### Given data
*** Block opens ***

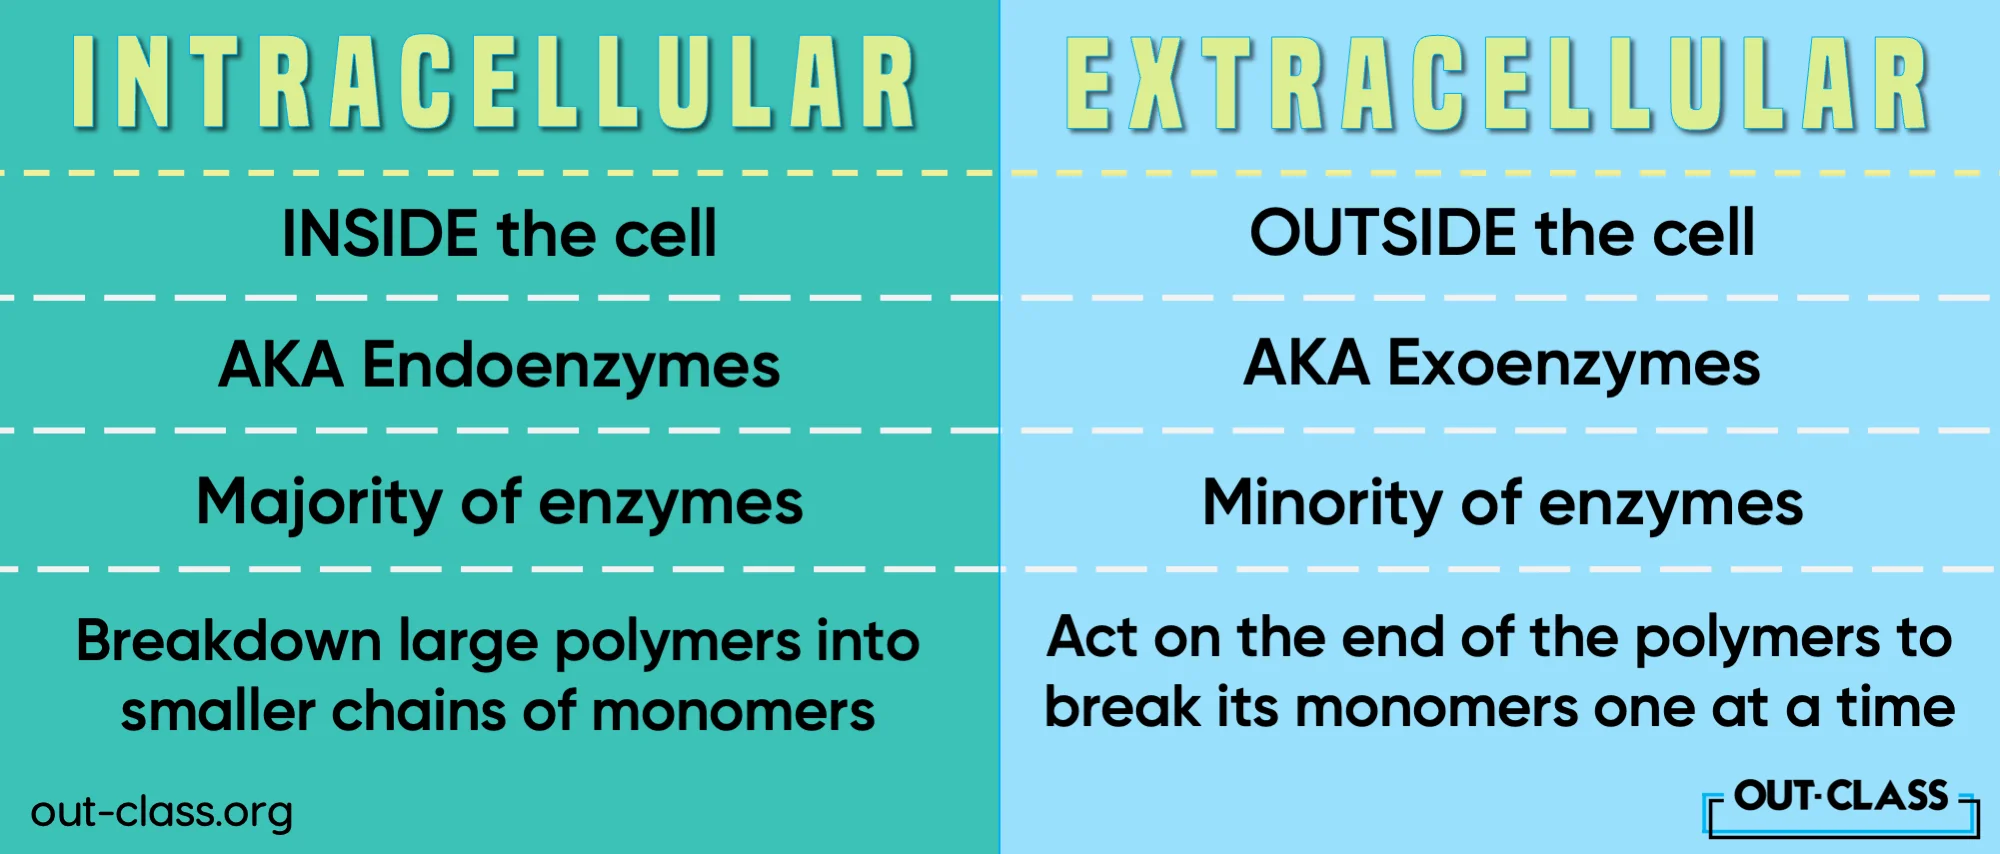 It shows the difference between intracellular enzymes and extracellular enzymes in cellular biology. As well as provides intracellular enzymes and extracellular enzymes examples.
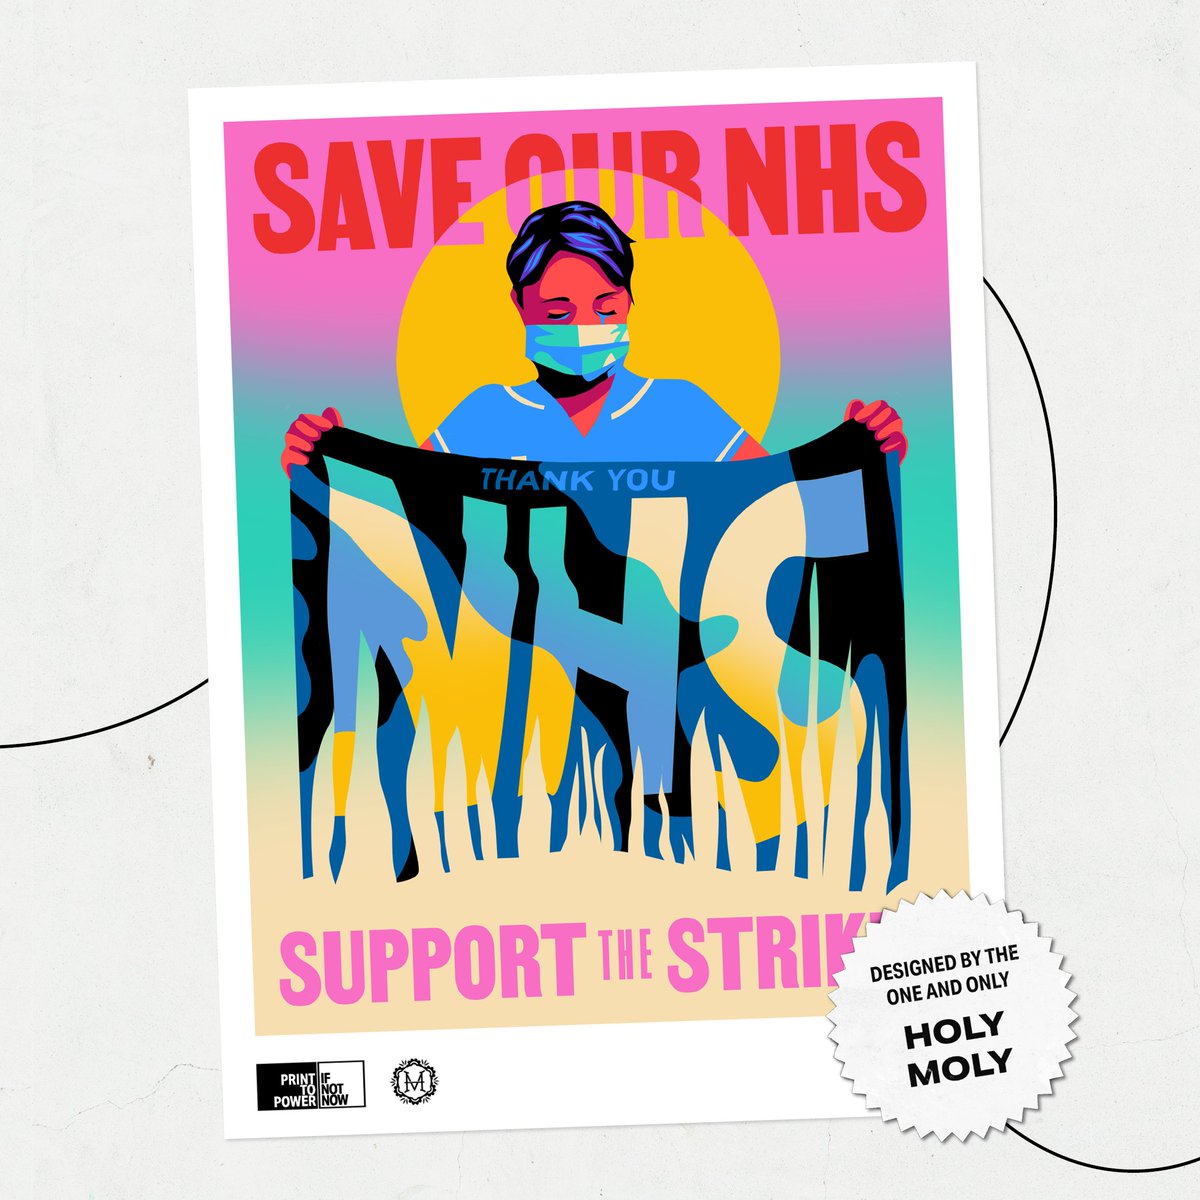 As part of the campaign, we've commissioned a group of four creatives: @MarylouFaure, @moly_uk , @darren_cullen & @ifnotnowdigital's own Daniel Jennings. High quality A2 & A3 posters are available to order for delivery from our shop, with all profits to the @theRCN Strike Fund.
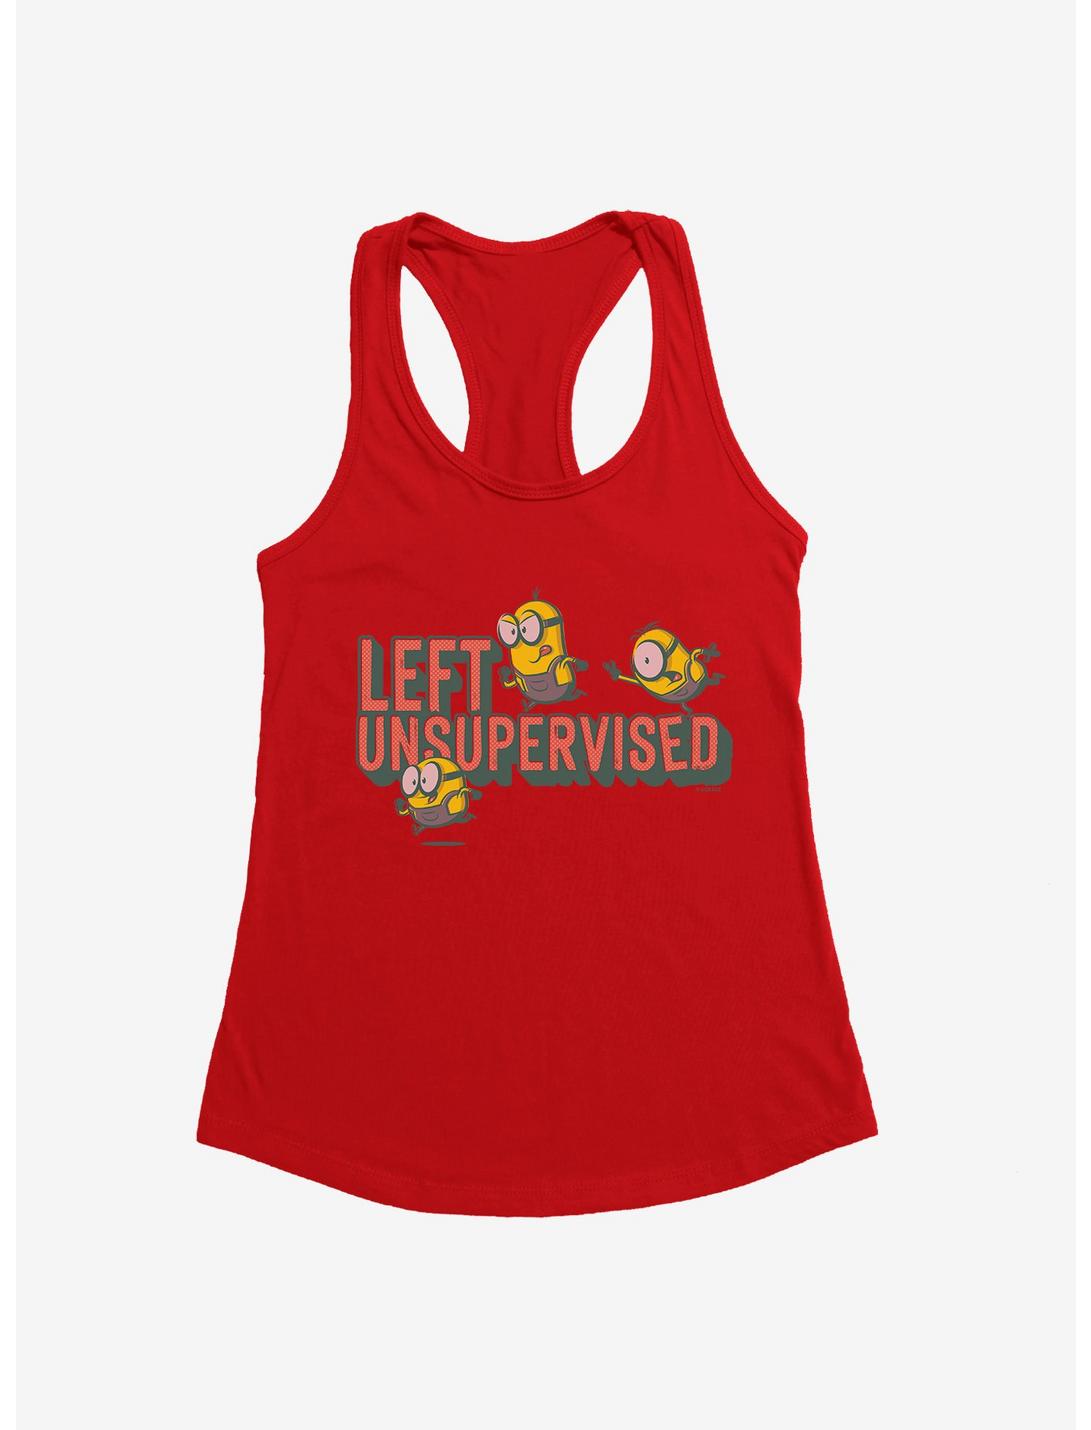 Minions Bob's Left Unsupervised Girls Tank, RED, hi-res
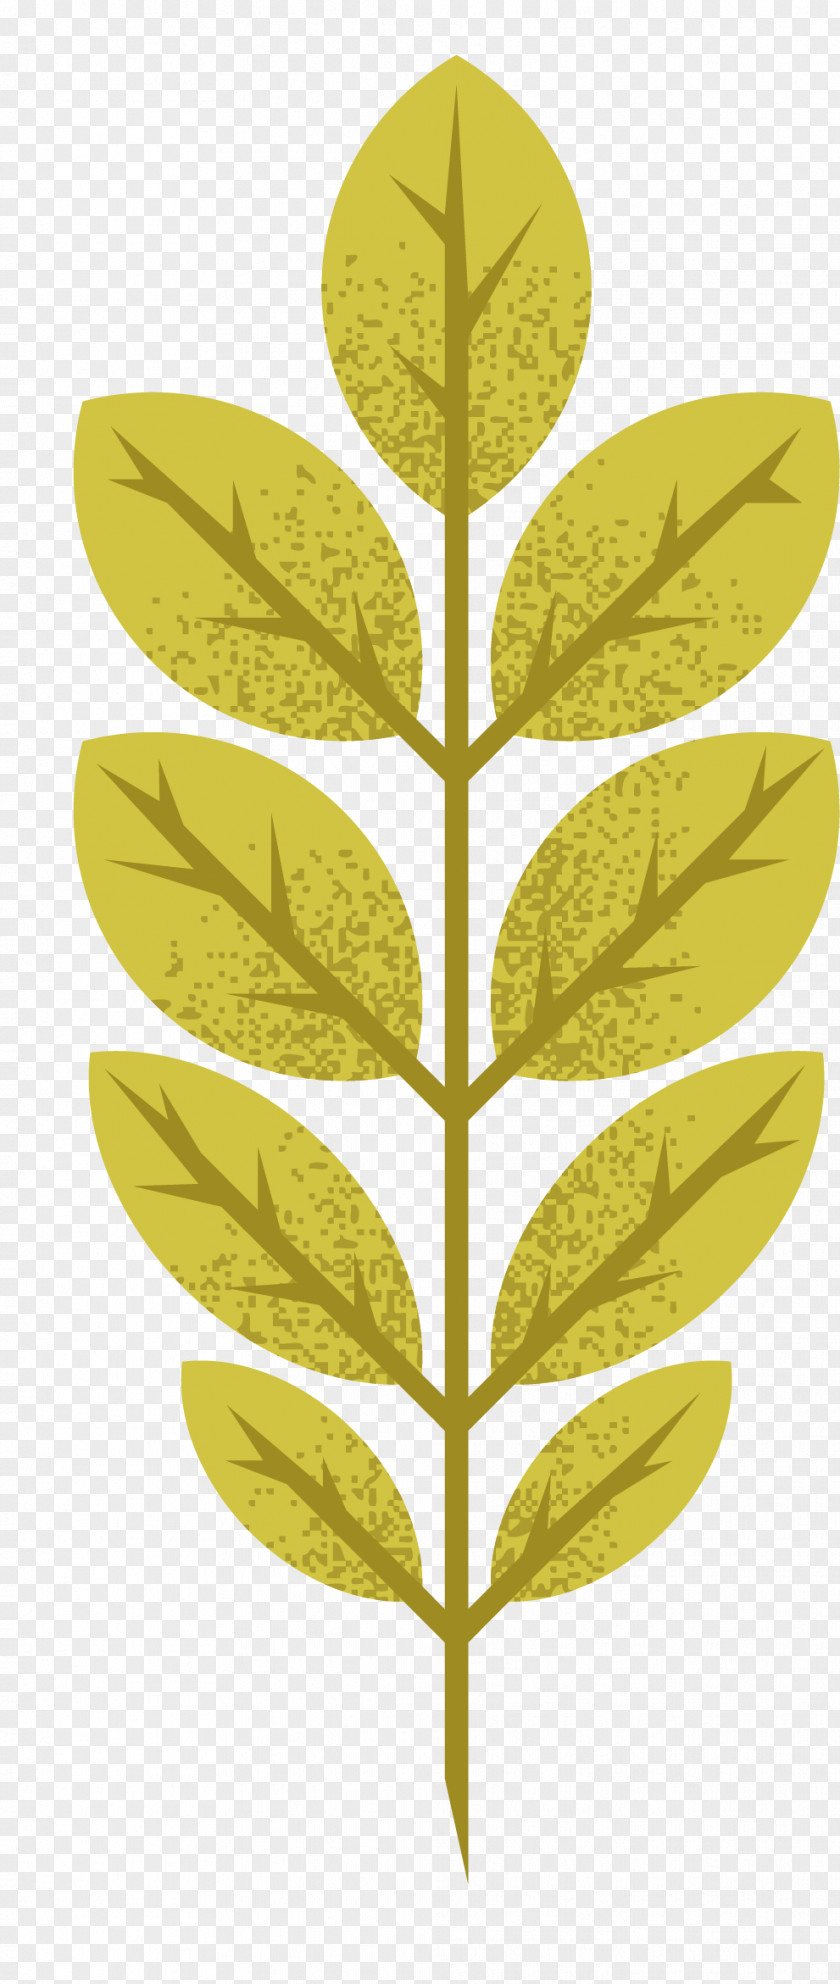 Autumn Leaves Collection Vector Material Maple Leaf PNG

*** Block closes ***

### Exercise directions
Could you reproduce all of the material exactly? Keep the pictures out of it.

### Completed exercise
 It shows the difference between intracellular enzymes and extracellular enzymes in cellular biology. As well as provides intracellular enzymes and extracellular enzymes examples.
 As part of the campaign, we've commissioned a group of four creatives: @MarylouFaure, @moly_uk , @darren_cullen & @ifnotnowdigital's own Daniel Jennings. High quality A2 & A3 posters are available to order for delivery from our shop, with all profits to the @theRCN Strike Fund.
 Minions Bob's Left Unsupervised Girls Tank, RED, hi-res
 Autumn Leaves Collection Vector Material Maple Leaf PNG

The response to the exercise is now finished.